Your body wants you to move when you’re anxious. Big-muscle movement—stuff like jump squats, walking, lunging, and kickboxing—can dial down anxiety during the day. But exercising too late can have the opposite effect and wind you up when you should be winding down. I convinced Margaret to keep the gym to weekends and do a tough but time efficient 10-minute high-intensity interval training (HIIT) routine three days of the week in the morning.
6. Cut the caffeine.
This was Margaret’s biggest challenge since she loved her morning java jolt. But if you’re feeling anxious, giving your body a jolt is the last thing you need. You’d be surprised by how many women lower anxiety just by cutting that morning coffee. To transition, try organic green tea, which has a little caffeine but also calming L-theanine.

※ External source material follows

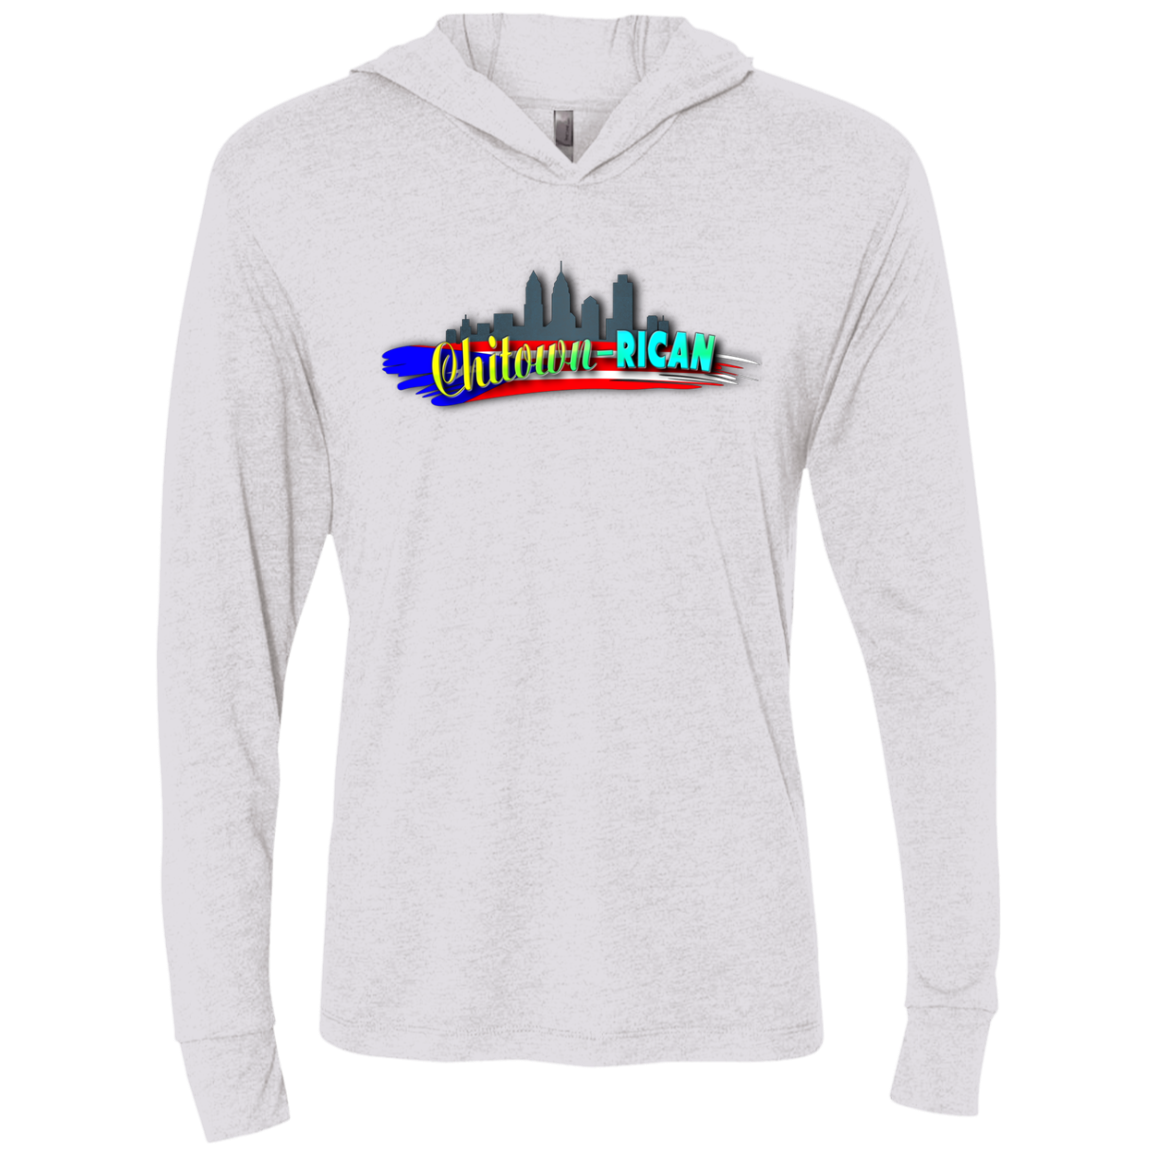 Chitown Rican Unisex Triblend LS Hooded T-Shirt - Puerto Rican Pride

7. Address nutrient deficiencies.
Eating a restrictive diet for too long (including veganism or paleo) can put you at risk for deficiencies if you’re not being mindful about meeting your body’s needs. I also factor in nutrient-depleting medications—Margaret had been on birth control pill for years—that can manifest as anxiety. To cover the nutrients that she wasn’t always getting from whole foods, Margaret began taking a professional-quality multivitamin with additional vitamin D and magnesium.
8. Try calming remedies.
Nutrients that can positively affect your mood include magnesium, inositol, GABA, passion flower, lemon balm, and L-theanine. Margaret found that taking inositol powder with a small amount of melatonin about an hour before bed had a similar calming effect to Xanax, without the same side effects.
9. Fix your gut.
I realize this is more of a long-term strategy, but you can begin right away by pulling gluten and other inflammatory foods from your diet. If your gut is inflamed, your brain probably is too. Problems like dysbiosis, small intestinal bacterial overgrowth (SIBO), parasites, yeast overgrowth, leaky gut, H. pylori, and food sensitivities can impact inflammation and rev up anxiety. Mood disorders often begin in your gut because many feel-good neurotransmitters like serotonin get manufactured there.